Phylogenetic relationships among the trichomycterid catfishes are investigated for the first time using molecular sequence data. Data derived from mitochondrial and nuclear DNA sequences for representatives of 17 genera were analyzed to test previous hypotheses of relationships among trichomycterid subfamilies, the monophyly of the subfamily Stegophilinae, and the monophyly and relationships among the genera of parasitic members of the family. We analyzed 2325 aligned base-pairs from mitochondrial 12S, 16S, ND4 (tRNA(His) tRNA(Ser)), and the nuclear histone H3 gene for representatives of 10 of 12 stegophiline and 3 of 4 vandelliine genera, plus 10 outgroup taxa selected to represent the range of subfamilial diversity. Maximum parsimony and likelihood approaches resolved a monophyletic semiparasitic Stegophilinae as the sister-group of the obligate hematophagous Vandelliinae.

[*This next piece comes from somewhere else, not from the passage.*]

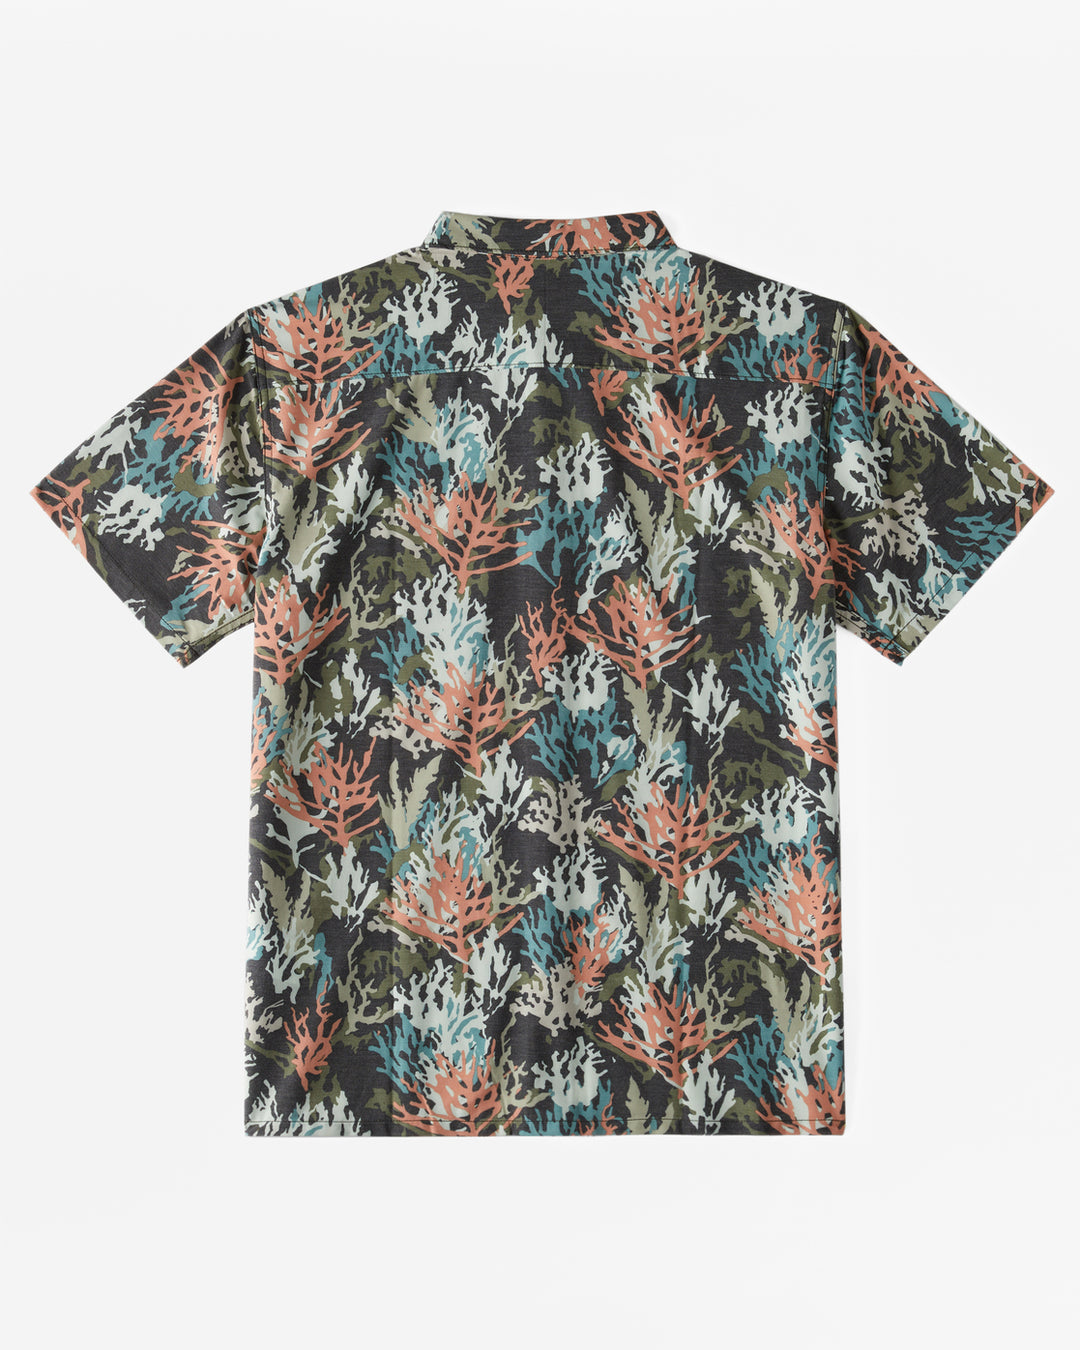 Billabong Coral Gardeners Surftrek Short Sleeve Shirt - Multi - Sun Diego Boardshop

At the level of subfamilies, the pattern of relationships of the parasitic members among the remainder of the family is fully congruent with the most recent hypothesis of relationships for trichomycterids based exclusively on morphological data. Within stegophilines, our results differ from multiple previous morphological studies in recovery of (1) Haemomaster and Ochmacanthus as sister-taxa, (2) the morphologically plesiomorphic Pareidon microps nested within a relatively distal part of the tree topology, (3) Apomatoceros as sister to Henonemus, rather than to the morphologically similar Megalocentor. These result indicate that parasitism arose once and was unreversed within the Trichomycteridae. Survey of diet and feeding morphology among trichomycterids suggests that the semiparasitic lifestyle of the members of the Stegophilinae was retained in the enigmatic Pareiodon microps, despite reversal to the generalized trichomycterid condition of the associated morphological specializations found in all other stegophilines. These results further support the reconstruction of semiparasitism, rather than blood feeding, for the shared common ancestor of the parasitic Trichomycteridae.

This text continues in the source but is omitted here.